Court papers revealed last week that bankrolling Carroll’s legal team is LinkedIn co-founder—and Democratic megadonor—Reid Hoffman.

While Carroll initially testified behind closed doors that no one was paying her top-notch New York City lawyers, those attorneys only recently told Trump’s team the truth: it’s the Silicon Valley billionaire who’s paying the bills. A federal judge promptly allowed Trump’s lawyers to grill Carrol again on Thursday, when she apparently revealed more details about the payment arrangement.

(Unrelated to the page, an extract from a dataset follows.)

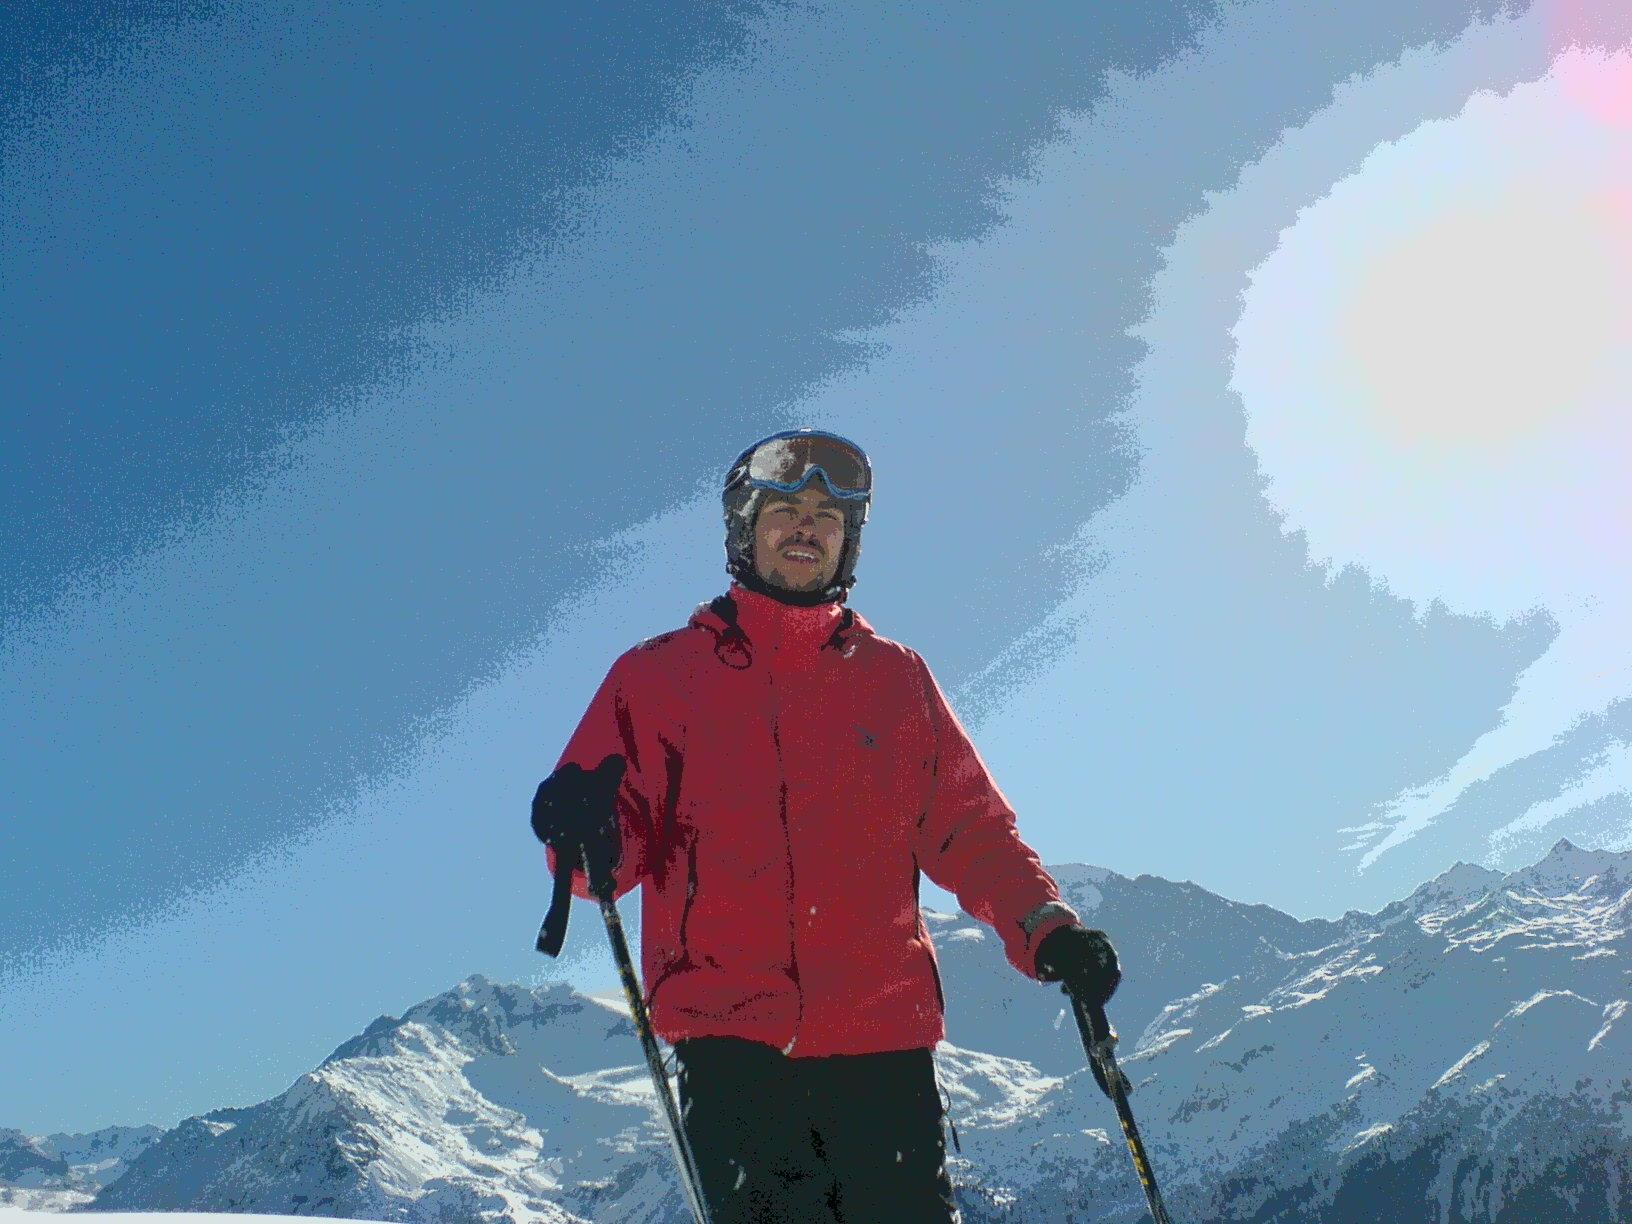 Skiurlaub da wo die Promis auch auf den Brettern stehen

LinkedIn Founder Is Secretly Funding E. Jean Carroll’s Lawsuit Against Trump

But on Friday, Carroll’s lawyer formally asked the judge to keep details about who’s paying for the lawsuit under wraps because “the interest in public access here is minimal.”

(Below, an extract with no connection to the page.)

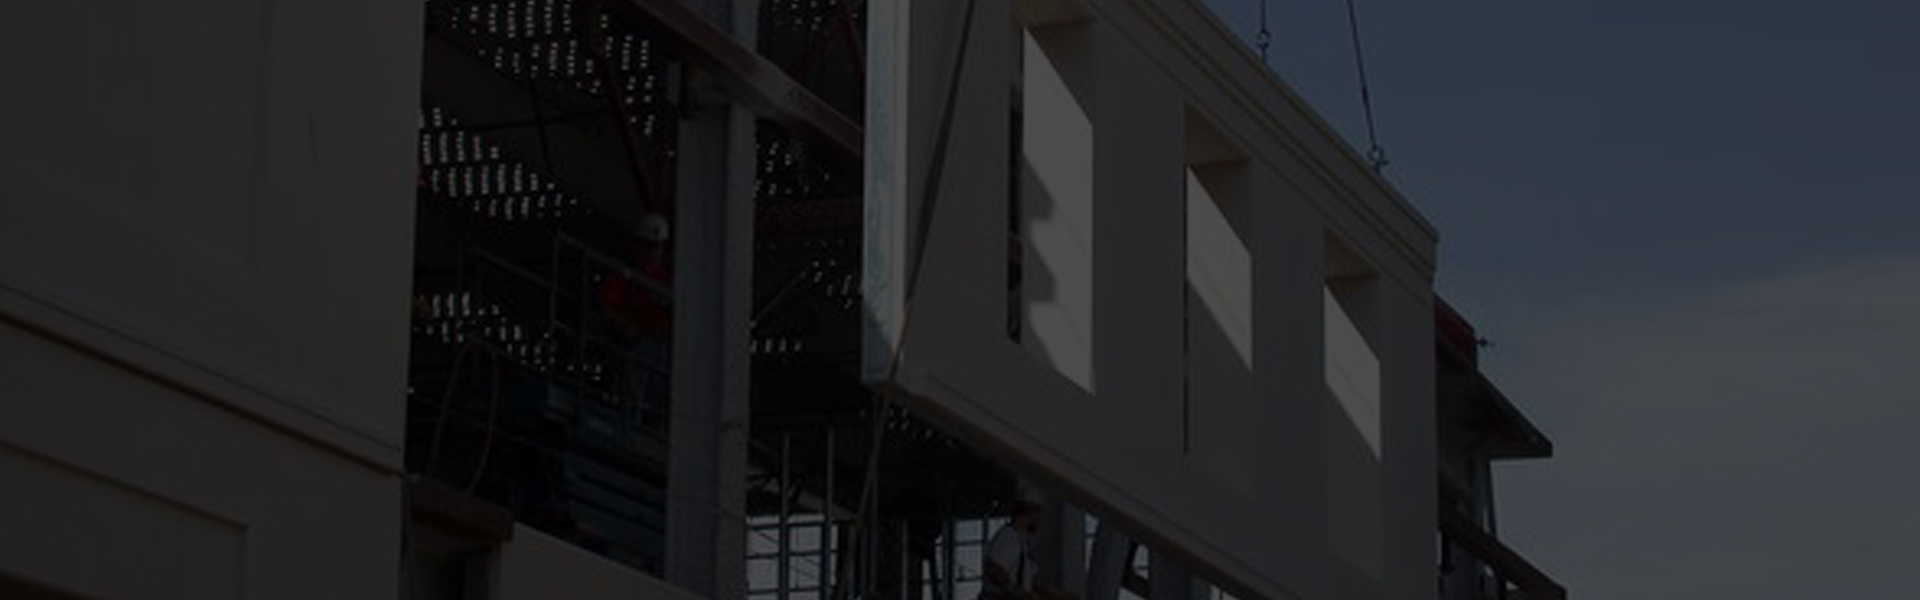 装配式建筑一站式体验馆

Carroll accuses Trump of raping her in the changing room of a luxury department store some 35 years ago. Her attorney, Roberta Kaplan, argued that jurors have no business knowing who’s financially supporting the lawsuit, citing court precedent that says the circumstances of who’s paying the legal bills “has nothing directly to do with the ultimate merits” of a case.

Kaplan wrote that the details that have already come out “afford the public meaningful access to information about this otherwise irrelevant and tangential topic.”

But Kaplan also expressed deep concern that exposing these details just days before the trial, which is set to start on Tuesday, could cause irreparable damage—to Carroll.

“Evidence that is inadmissible at trial should not be unnecessarily entered into the public record just before this highly watched trial is to begin,” she wrote, warning that it could cause “unfair prejudice and confusion.”

The former president’s legal defense team, Alina Habba and Joe Tacopina, were the ones who initially surfaced the issue in court papers last week, and they’re expected to oppose the effort to keep who’s paying the bills a secret.